Среди наблюдателей за ходом мира мысли одни с восторгом, а другие с ужасом смотрят на возрождение Сверхъестественного, которое проявляется среди нас в формах, расположенных вдоль всей лестницы, которая в данном случае отделяет возвышенное от смешного — от неокатолицизма и мистицизма «внутреннего света» на вершине до нечистых вещей, не заслуживающих упоминания в одном ряду, внизу. По моему скромному мнению, важность этих проявлений часто сильно переоценивается. Существующие формы Сверхъестественного имеют глубокие корни в человеческой природе и, несомненно, будут умирать с трудом; но в эти последние дни им приходится бороться с врагом, чья полная сила только начинает проявляться и чьи силы, набирая мощь год от года, окружают их со всех сторон. Этот враг — Наука, в принятии систематизированного естественного знания, которое в течение последних двух столетий распространило те методы исследования, ценность которых подтверждается ежедневным обращением к Природе, на каждую область, в которой до сих пор признавалось Сверхъестественное.
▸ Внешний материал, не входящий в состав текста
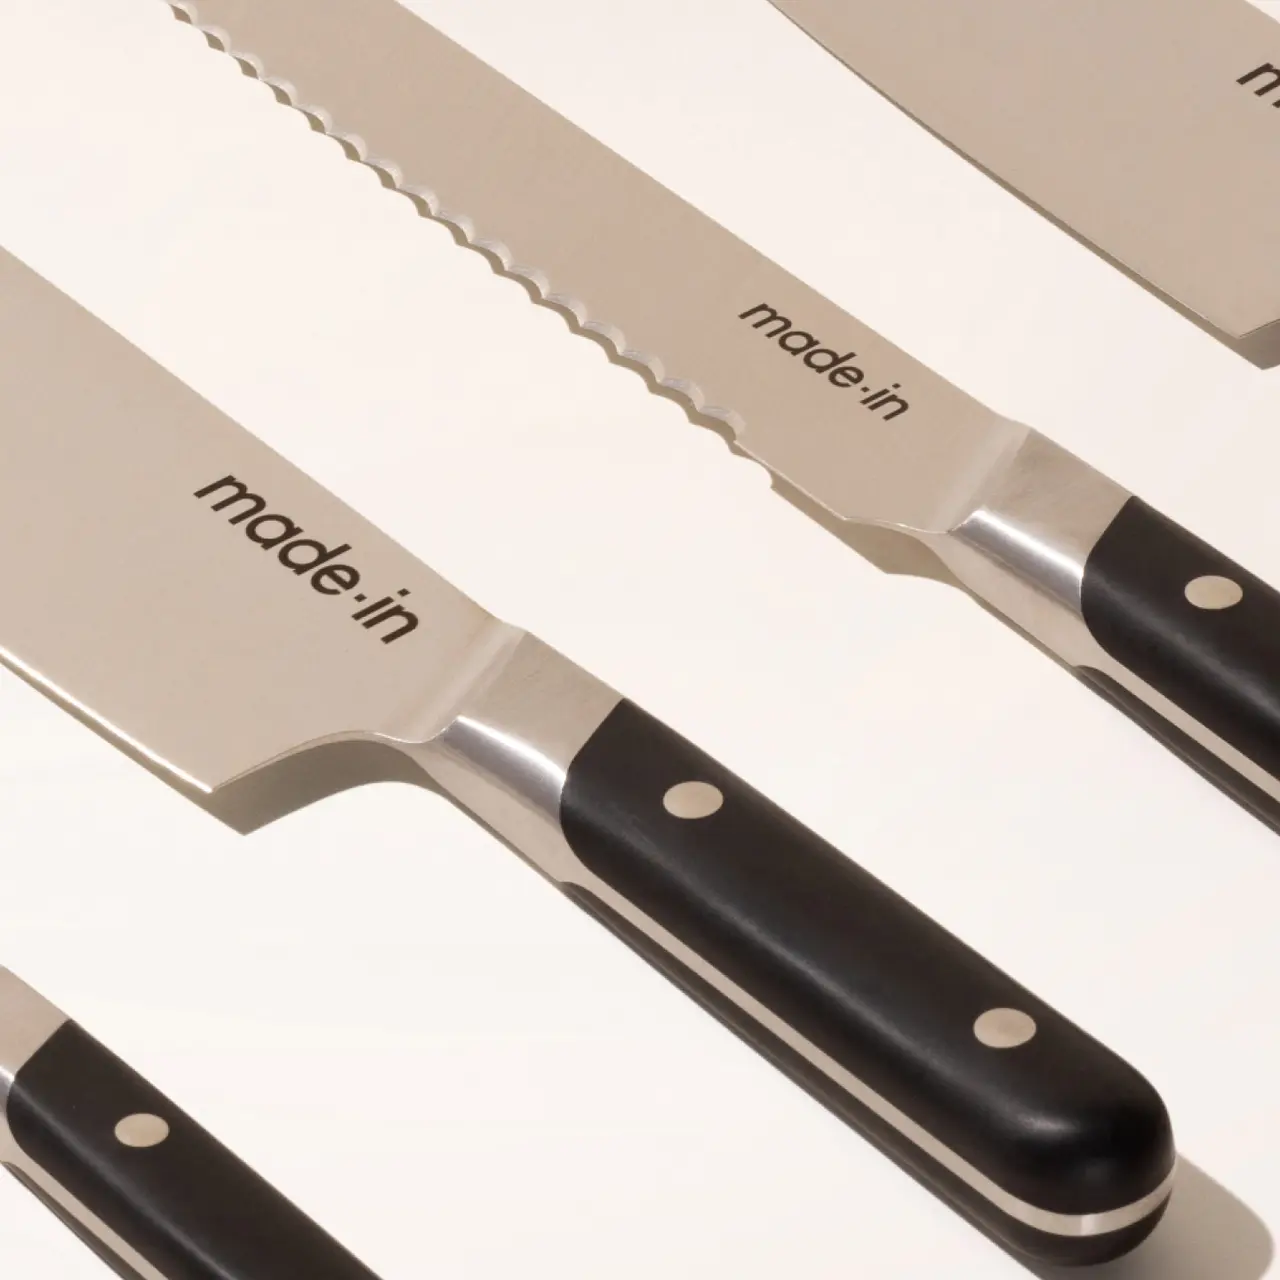 Two serrated kitchen knives with black handles and the inscription "made in" on the blade, angled and overlapping each other on a plain background.

Когда научная историческая критика низвела летописи героической Греции и царского Рима до уровня басен; когда единство авторства «Илиады» было успешно атаковано научной литературной критикой; когда научная физическая критика, после взрыва геоцентрической теории Вселенной и сведения самой солнечной системы к одной из миллионов групп подобных космических пятен, кружащихся на невообразимых расстояниях друг от друга через бесконечное пространство, показала, что сверхъестественные теории о продолжительности Земли и жизни на ней столь же неадекватны, как и теории о ее относительных размерах и важности; не требовалось пророческого дара, чтобы увидеть, что рано или поздно еврейские и раннехристианские записи будут рассматриваться таким же образом; что авторство Гексатевха и Евангелий будет столь же сурово испытано; и что доказательства в пользу правдивости многих утверждений, найденных в Писаниях, должны будут быть действительно сильными, если они должны быть противопоставлены выводам физической науки. По факту, насколько я могу обнаружить, никто, компетентный судить о доказательной силе этих выводов, не решается сейчас сказать, что библейские рассказы о сотворении и потопе истинны в естественном смысле слов повествований. Самое большее, на что решаются современные Примирители, — это утверждать, что словам может быть придан какой-то совершенно иной смысл; и что этот неестественный смысл может, с небольшим трудом, быть манипулирован в некое подобие непротиворечивости научной истине.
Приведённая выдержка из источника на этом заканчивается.